Но потом была только она. Одно ее лицо, ее губы, ее глаза, ее глубоко открытая грудь в обрамлении черных кружев (это ведь надо же! — так целомудренно возвеличиваться, так олимпийски царить — грешной и смертной — над мешаниной кружев, кофейных чашек, блюдец, острот). Было только ее сияние, излучение, только её слова — а может, звуки? — ибо Васенин запомнил из всего произносимого одно лишь заклинание: «Ребята, давайте любить друг друга!»
И это «давайте любить друг друга» относилось к нему тоже. Значит, и он тоже мог, должен, обязан был любить ее.
И Васенин влюбился. Обвально. Ошалело. Загипнотизированно. Без ревности к тем, кто мог когда-то касаться этих нежных рук, этих губ, этих волос.
Так, наверное, не в женщину влюбляются. Так влюбляются в явление природы. В талант и гений, которые — суть явления природы.
Поздно ночью уходил его поезд (он ехал работать на дачу художников). Васенин пришел в гостиницу, чтобы собрать веши, — и не смог. Ему хотелось пройти сквозь стену — такое было состояние.
Чемодан Васенину уложила дежурная по этажу, сердобольно приговаривая:
— Да куда же ты, миленький, такой-то на ночь глядя? Ведь ты горишь весь.

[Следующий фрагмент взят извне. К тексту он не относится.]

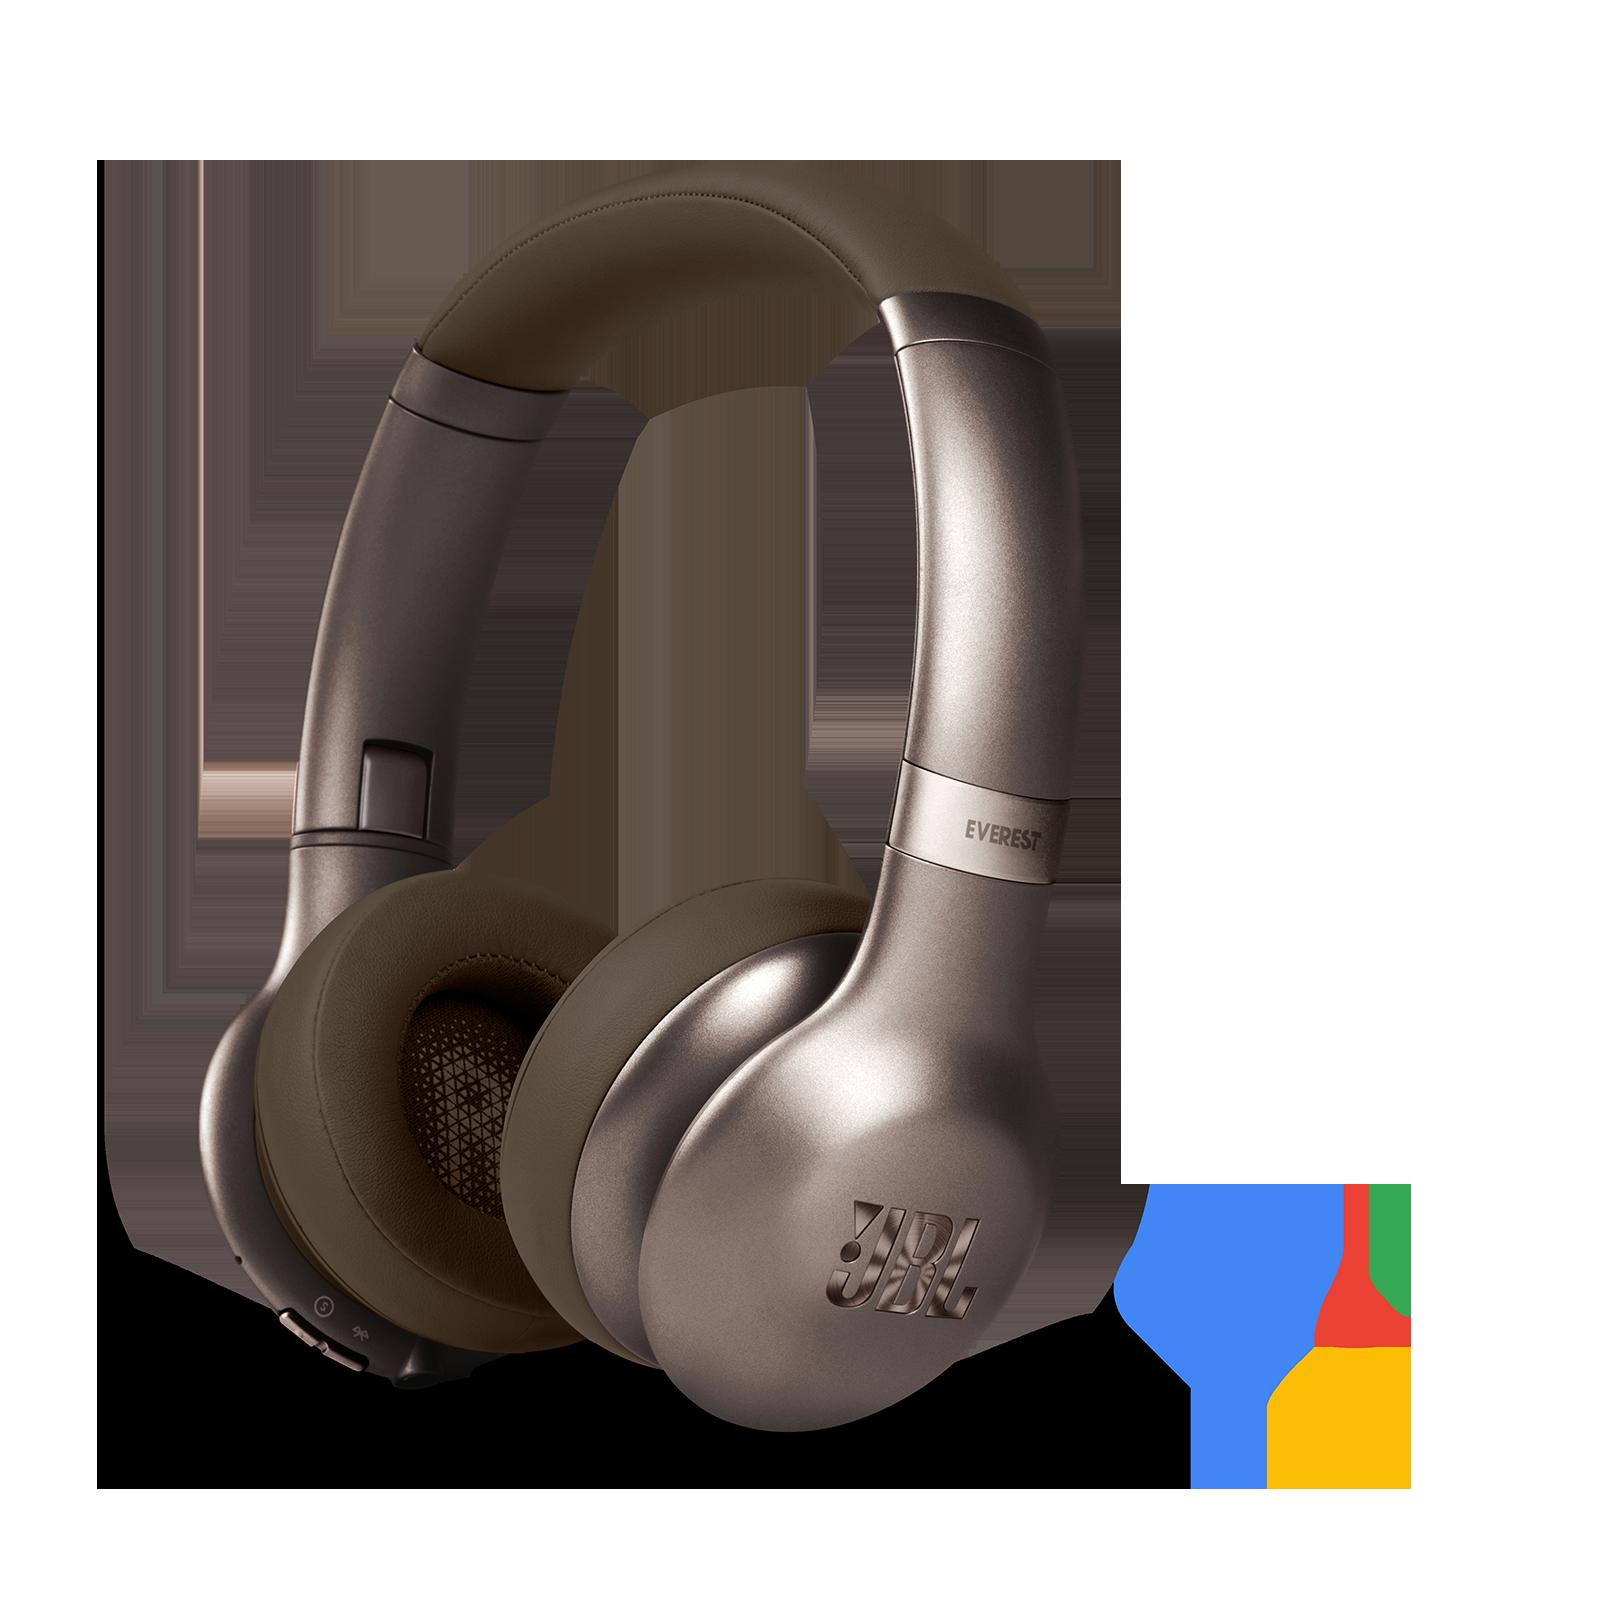 JBL Everest 310 GA - On-ear wireless (Brown)

В этом лихорадочном состоянии он и проработал целый месяц. Там, куда приехал Васенин, полыхала необыкновенная осень — и он писал осень, осень, осень!
Друзья потом, посмотрев эти листы, изумленно сказали:
— Ты что же делал-то раньше, самоубийца? Ты почему придуривался до седых волос?
И вот теперь, сгорбившись, Васенин сидел на узкой ступеньке: спиной к сцепе, лицом — к многоглазому залу.
По все равно он видел ее, помнил: от высоких, тонких каблуков, длинного концертного платья, обрамленного мехом, до стиснутых на груди нервных рук и романтического поворота головы.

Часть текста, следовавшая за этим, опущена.